# Help!! Rectangle insert in arch fireplace



## Flanny (Dec 15, 2017)

Please, I need advice. We purchased a Valor Legend G3. The rep came and measured and said it would fit. We advised him that we wanted a surround that was in the same arch shape as the original wood burning fireplace. We were told that valor didn't make them and so my hubby said he could make something as long as it was just aesthetic. Well, it was installed today, the corners cover much if the brick work of the arch and the surround is actually a functional part of the unit. Without it, the screen is not stable. 
What can I do with this? Even the large surround won't completely cover the arch. And we really wanted to showcase the arch, not cover it up


----------



## DAKSY (Dec 16, 2017)

Van you post a pic of he unit as it is installed now?


----------



## Flanny (Dec 16, 2017)

Thanks for replying Daksy.

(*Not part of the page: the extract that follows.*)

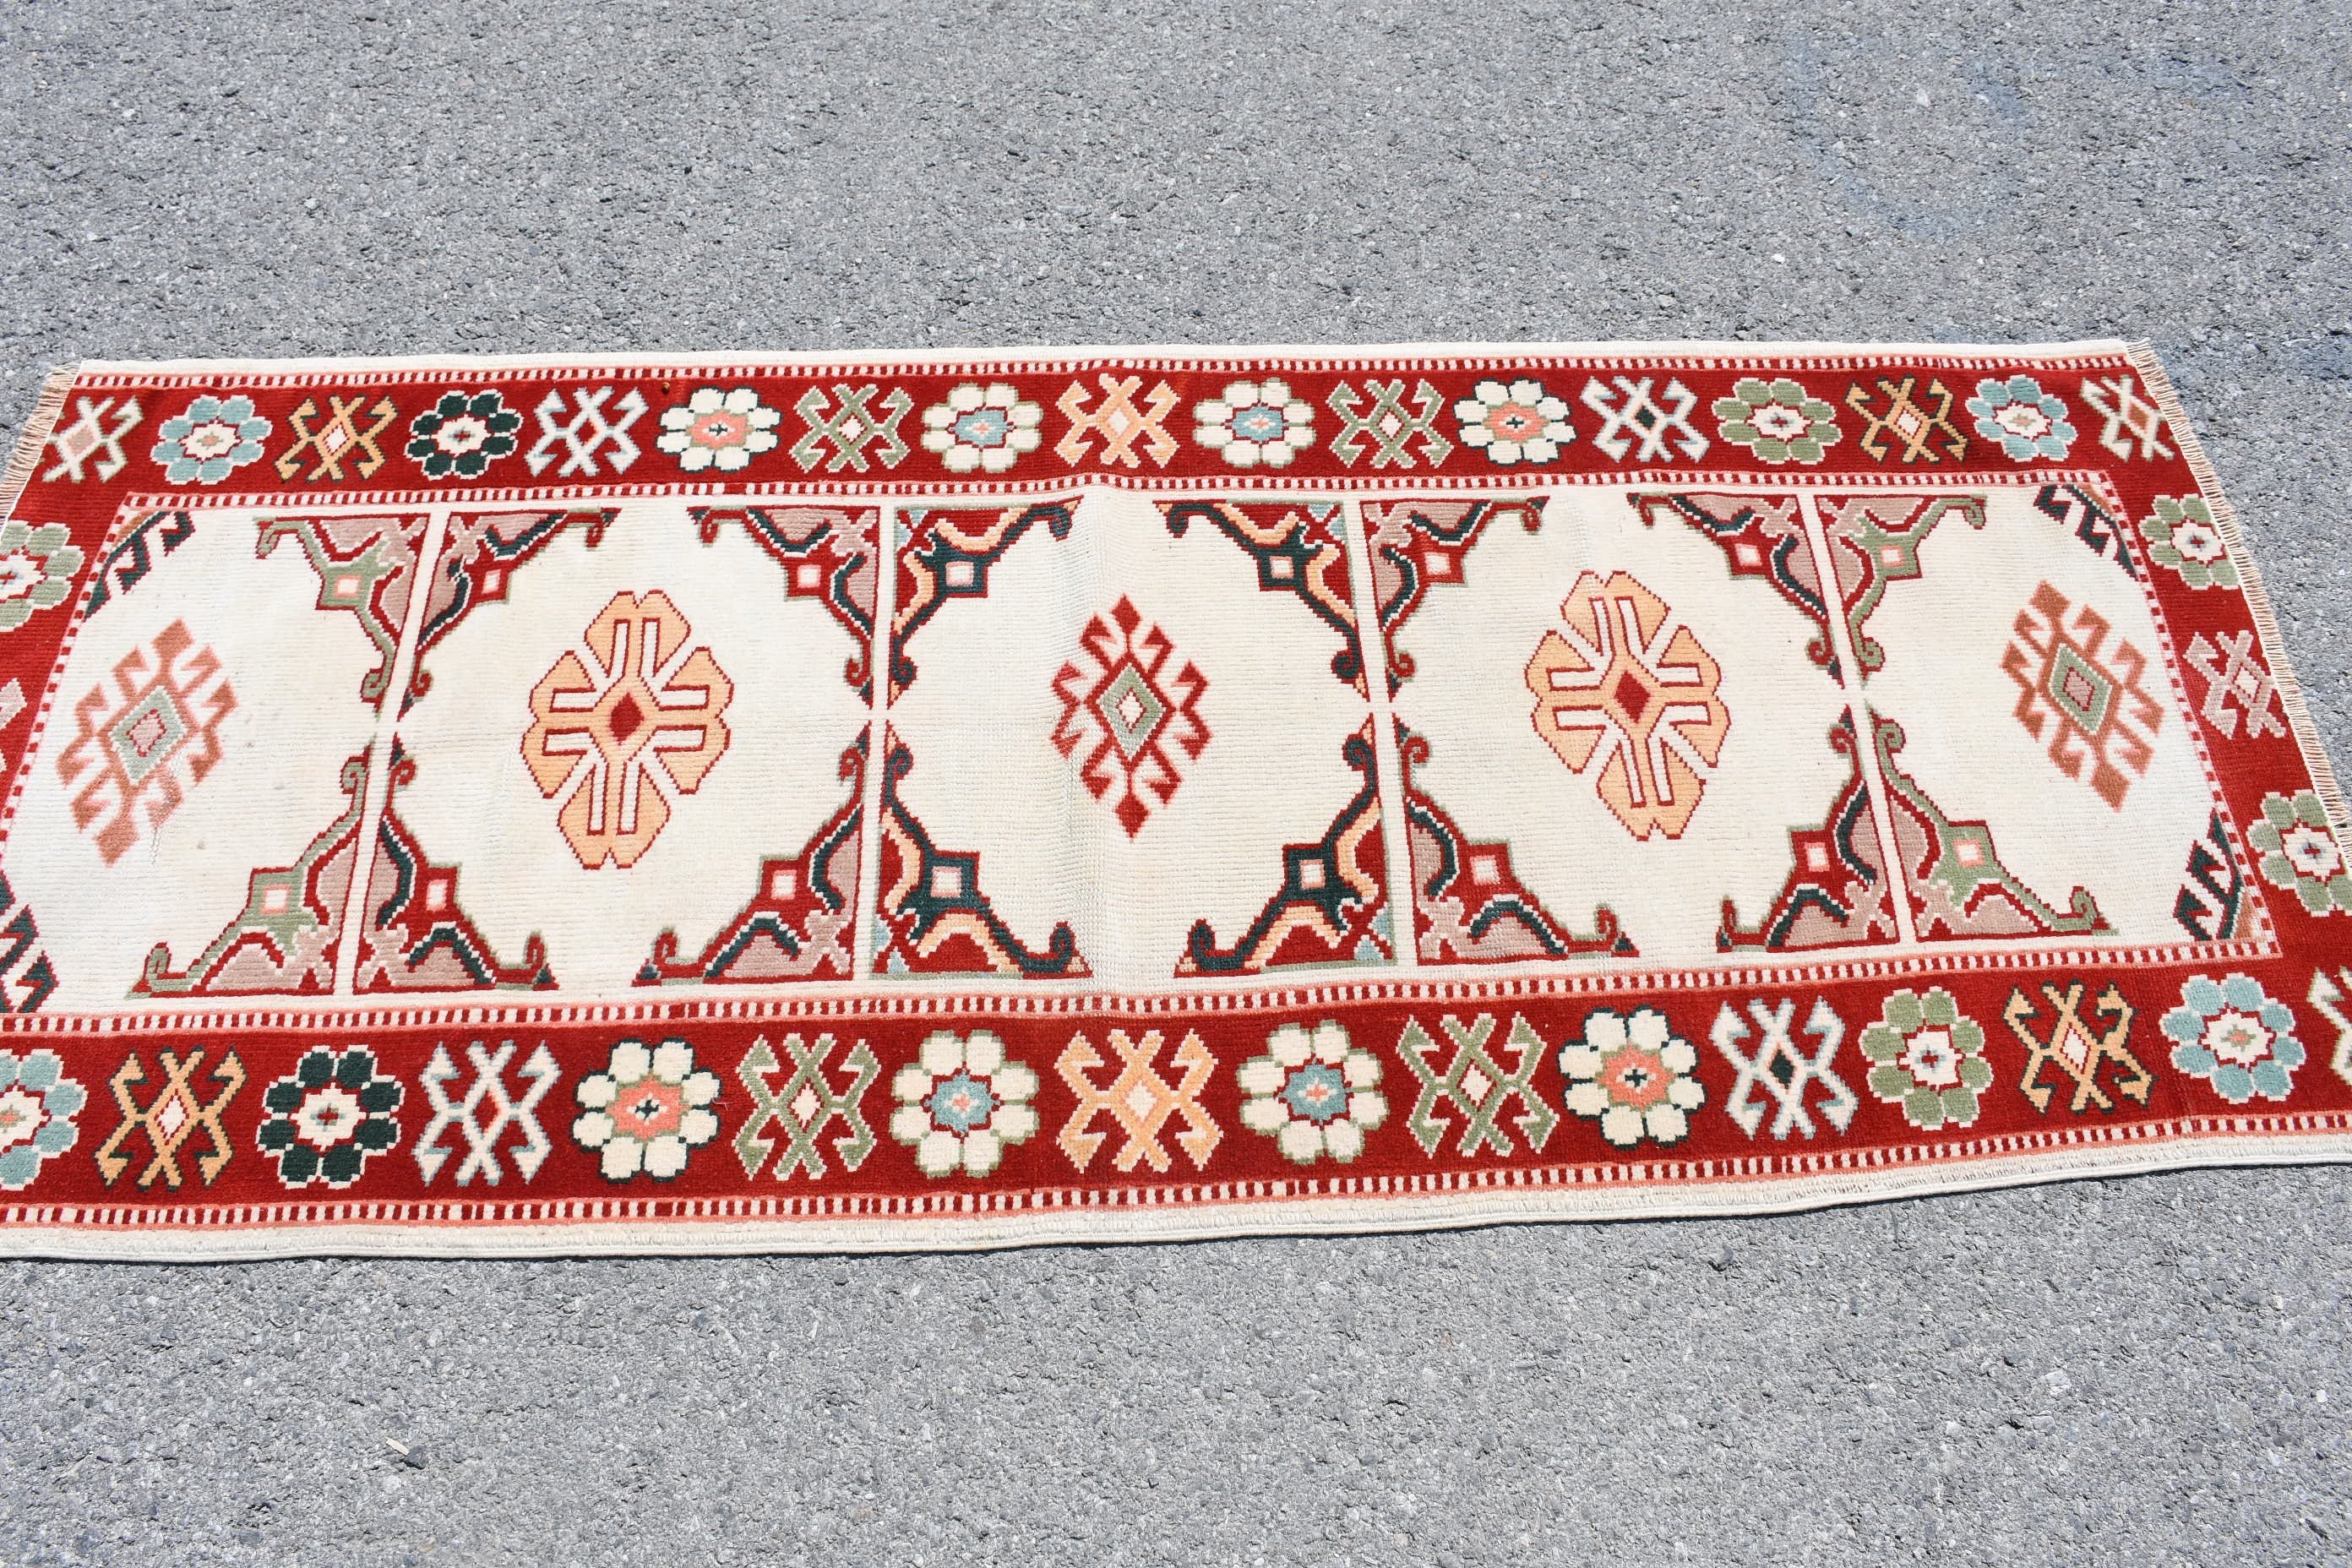 2.6x6.2 ft Accent Rugs, Turkey Rugs, Vintage Rugs, Rugs for Entry, Turkish Rug, Red Oriental Rug, Entry Rug, Bedroom Rug, Oushak Rug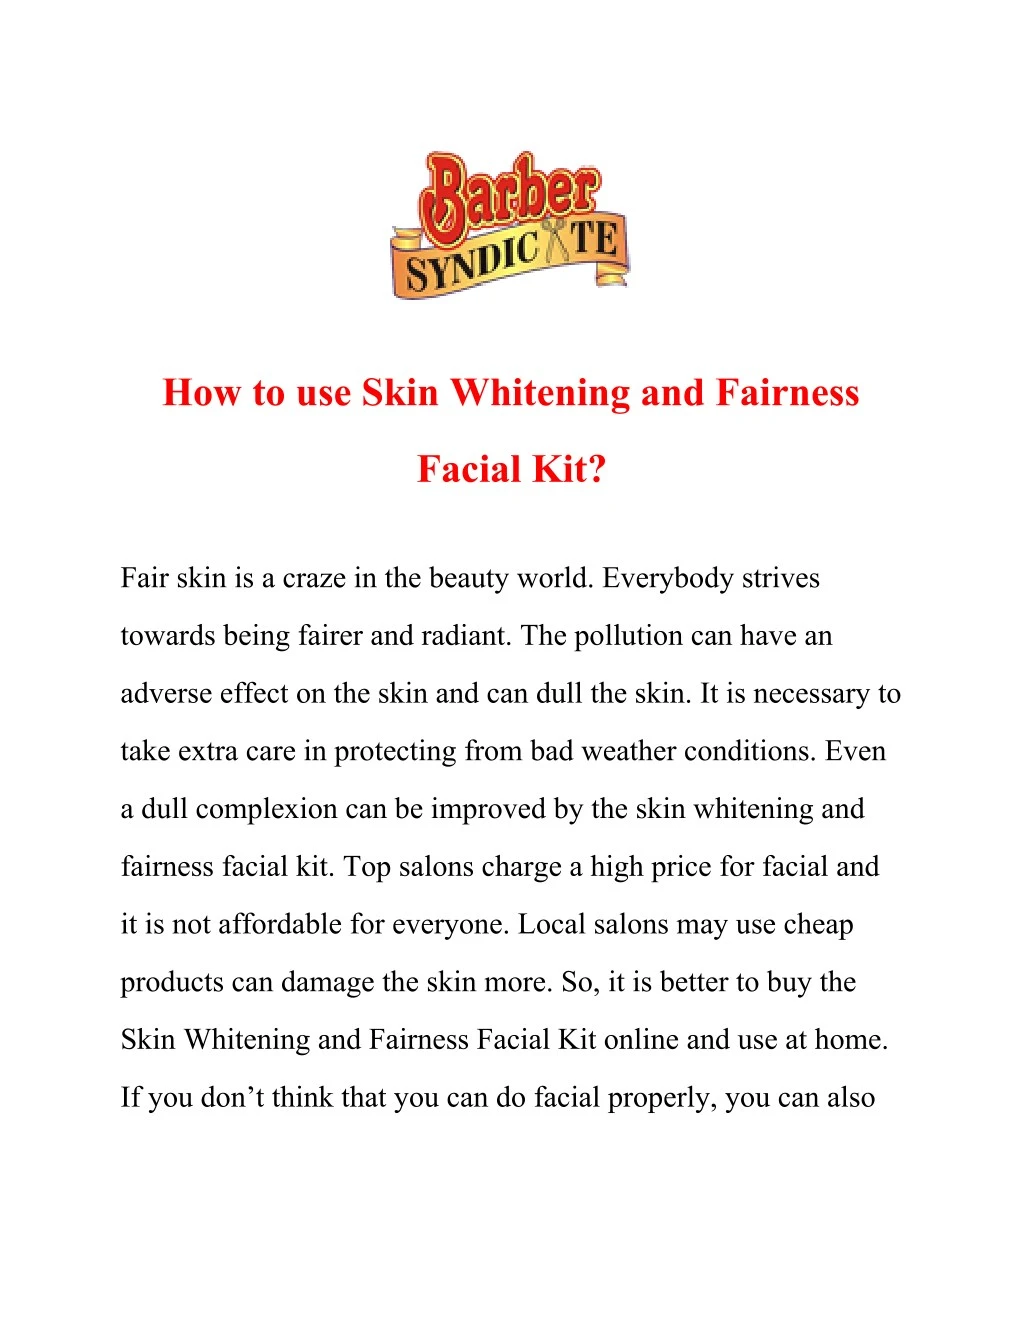 how to use skin whitening and fairness

I'm not sure how to post a pic from my phone...any helpful hints?


----------



## webfish (Dec 16, 2017)

What type phone? Usually just hit upload file button in the reply section and it should bring up your phone media as an option. If the pic is already there .


----------



## Flanny (Dec 16, 2017)

DAKSY said:


> Van you post a pic of he unit as it is installed now?


----------



## DAKSY (Dec 16, 2017)

Your husband will have to make something that fastens in the identical manner as the front that is on there now, so the screen stays in place, IF he can. I would make sure it is LARGER than the opening & then cut it back to the arched configuration. Heat & Glo used to make a "cuttable" front for their inserts. Not sure if they still offer one. If they do, maybe your husband can take a look at one of them to see how it needs to be done.


----------



## Millbilly (Dec 17, 2017)

Kind of late, but best way to showcase an arch IMO is not to put an insert in it.  Freestanding stoves look great in that application.


----------



## ACDKali (Feb 10, 2018)

That’s a tough arch to full fill.  I would have a metal shop bend something up and purchase a surround that has the brackets on it.  From there make a template of your arch and let them do there magic


----------